From Casetext: Smarter Legal Research

Admin. for Children's Servs. v. Lisa W. (In re Ariel P.)

Supreme Court, Appellate Division, Second Department, New York.
Jan 16, 2013
102 A.D.3d 795 (N.Y. App. Div. 2013)

Opinion

2013-01-16

In the Matter of ARIEL P. (Anonymous). Administration for Children's Services, respondent, Lisa W. (Anonymous), appellant.

Austin I. Idehen, PLLC, Jamaica, N.Y., for appellant. Michael A. Cardozo, Corporation Counsel, New York, N.Y. (Larry A. Sonnenshein and Diana Lawless of counsel), for respondent.



Austin I. Idehen, PLLC, Jamaica, N.Y., for appellant.
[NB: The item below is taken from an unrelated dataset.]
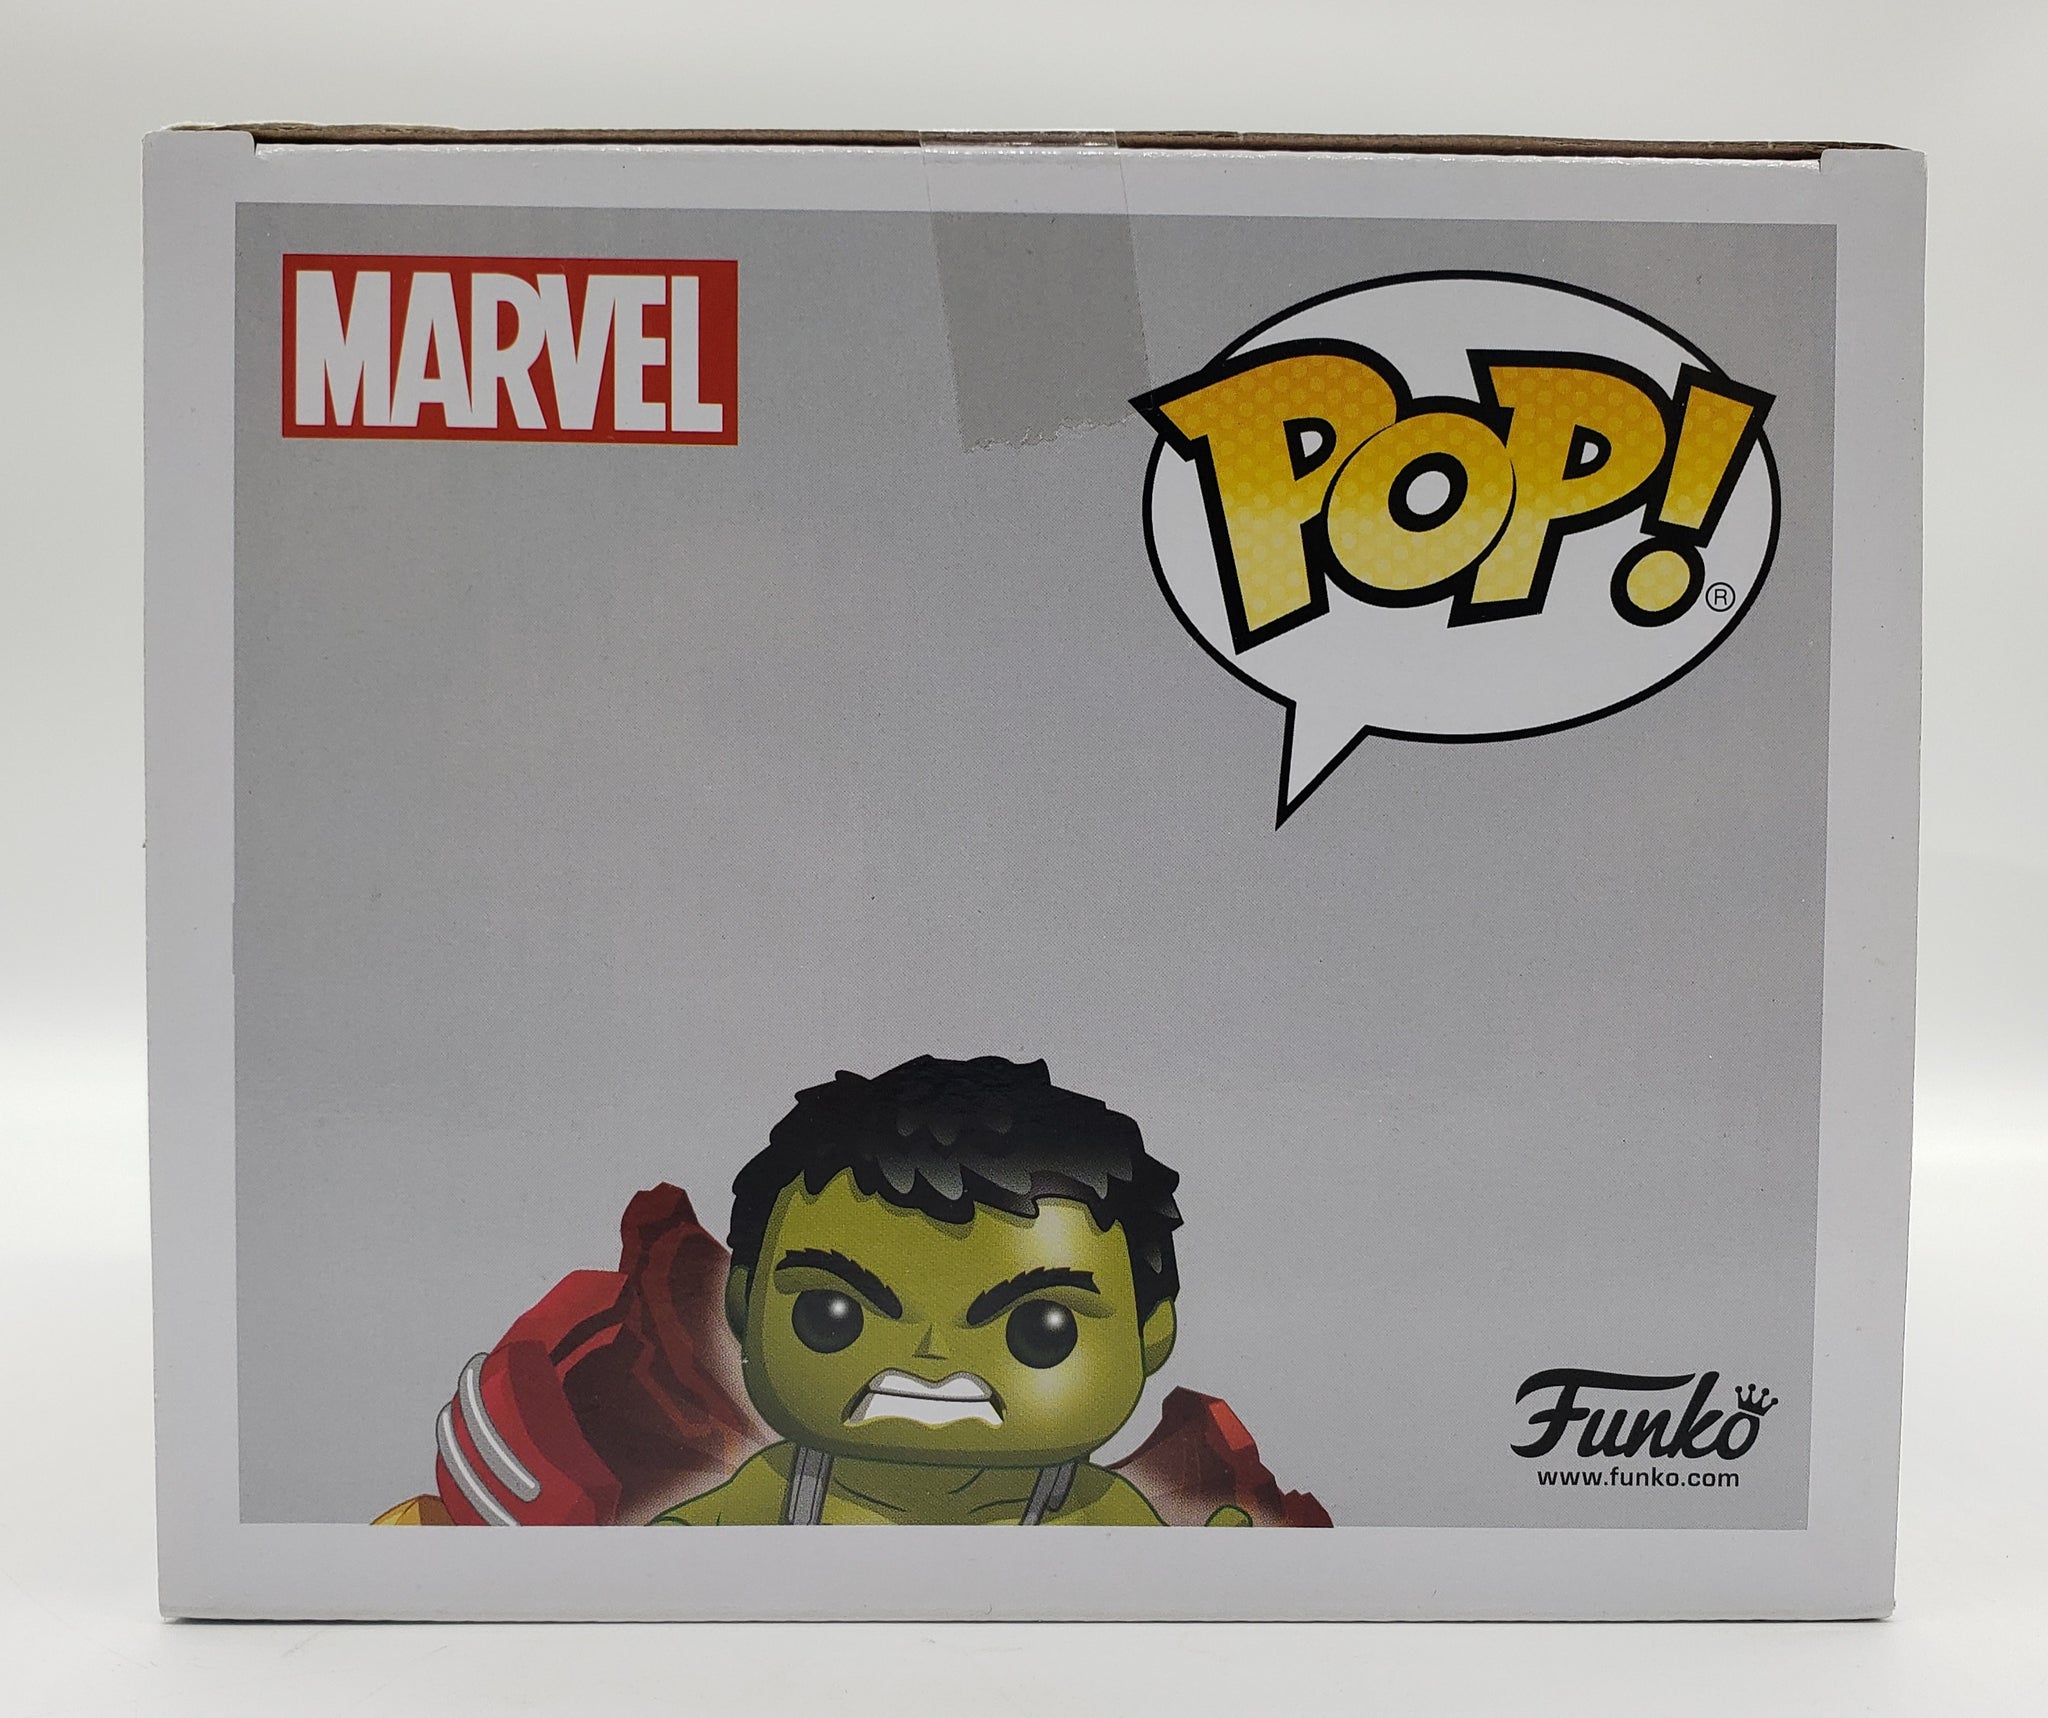 Funko Pop! Marvel Avengers: Infinity War GameStop Exclusive 6-inch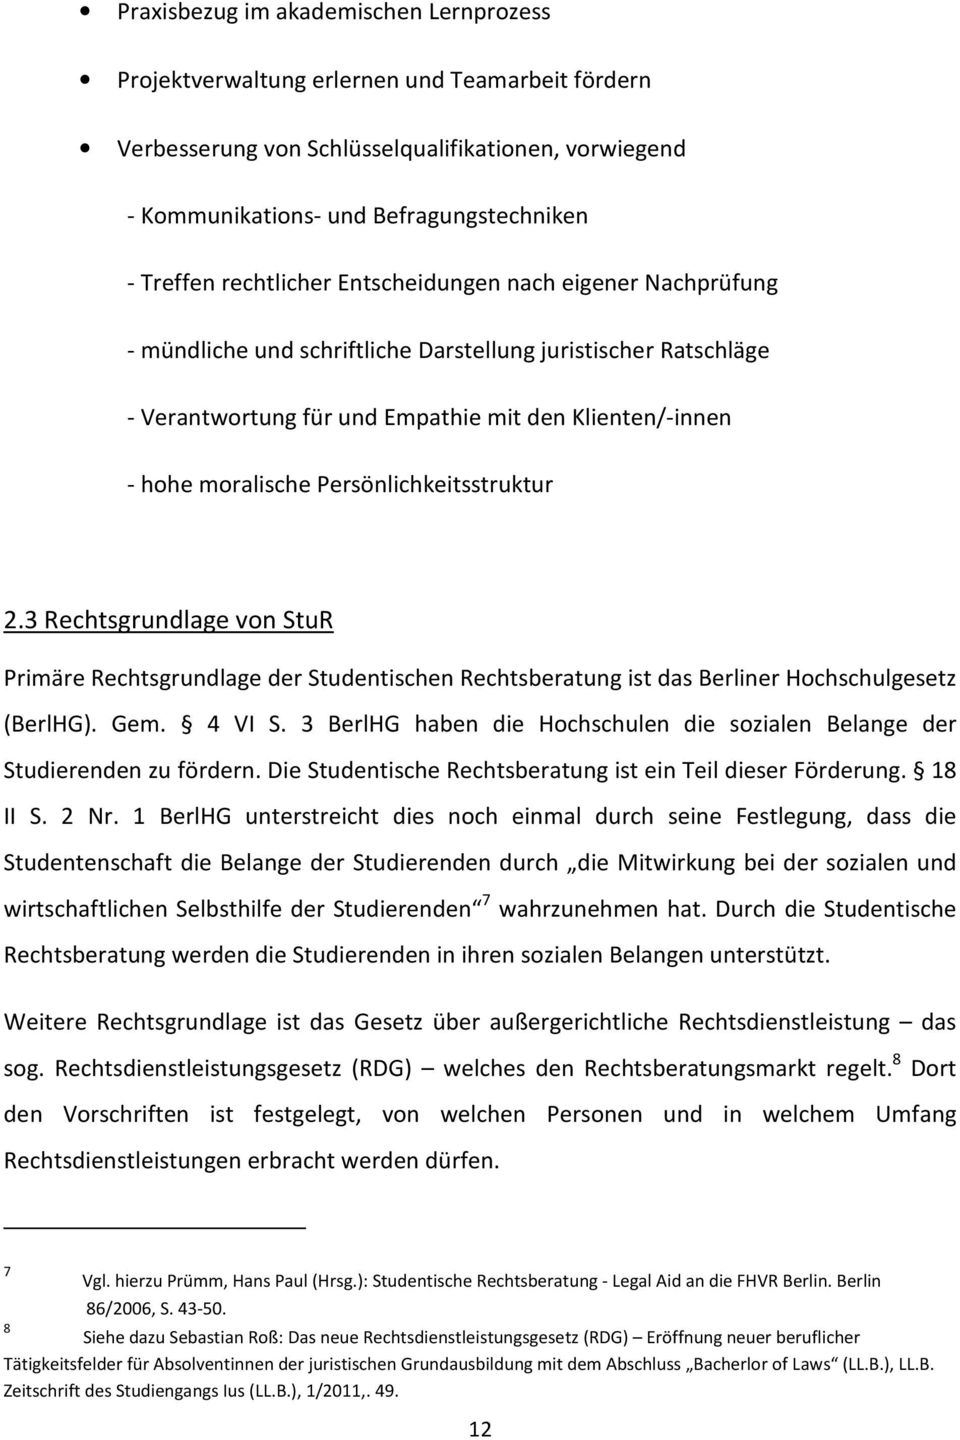 Persönlichkeitsstruktur 2.3 Rechtsgrundlage von StuR Primäre Rechtsgrundlage der Studentischen Rechtsberatung ist das Berliner Hochschulgesetz (BerlHG). Gem. 4 VI S.

Michael A. Cardozo, Corporation Counsel, New York, N.Y. (Larry A. Sonnenshein and Diana Lawless of counsel), for respondent.
Steven Banks, New York, N.Y. (Tamara A. Steckler and Marcia Egger of counsel), attorney for the child.

WILLIAM F. MASTRO, J.P., PLUMMER E. LOTT, LEONARD B. AUSTIN, and SANDRA L. SGROI, JJ.

In a child neglect proceeding pursuant to Family Court Act article 10, the mother appeals, as limited by her brief, from so much of an order of fact-finding and disposition of the Family Court, Queens County (Salinitro, J.), dated November 22, 2011, as, after a hearing, found that she neglected the subject child.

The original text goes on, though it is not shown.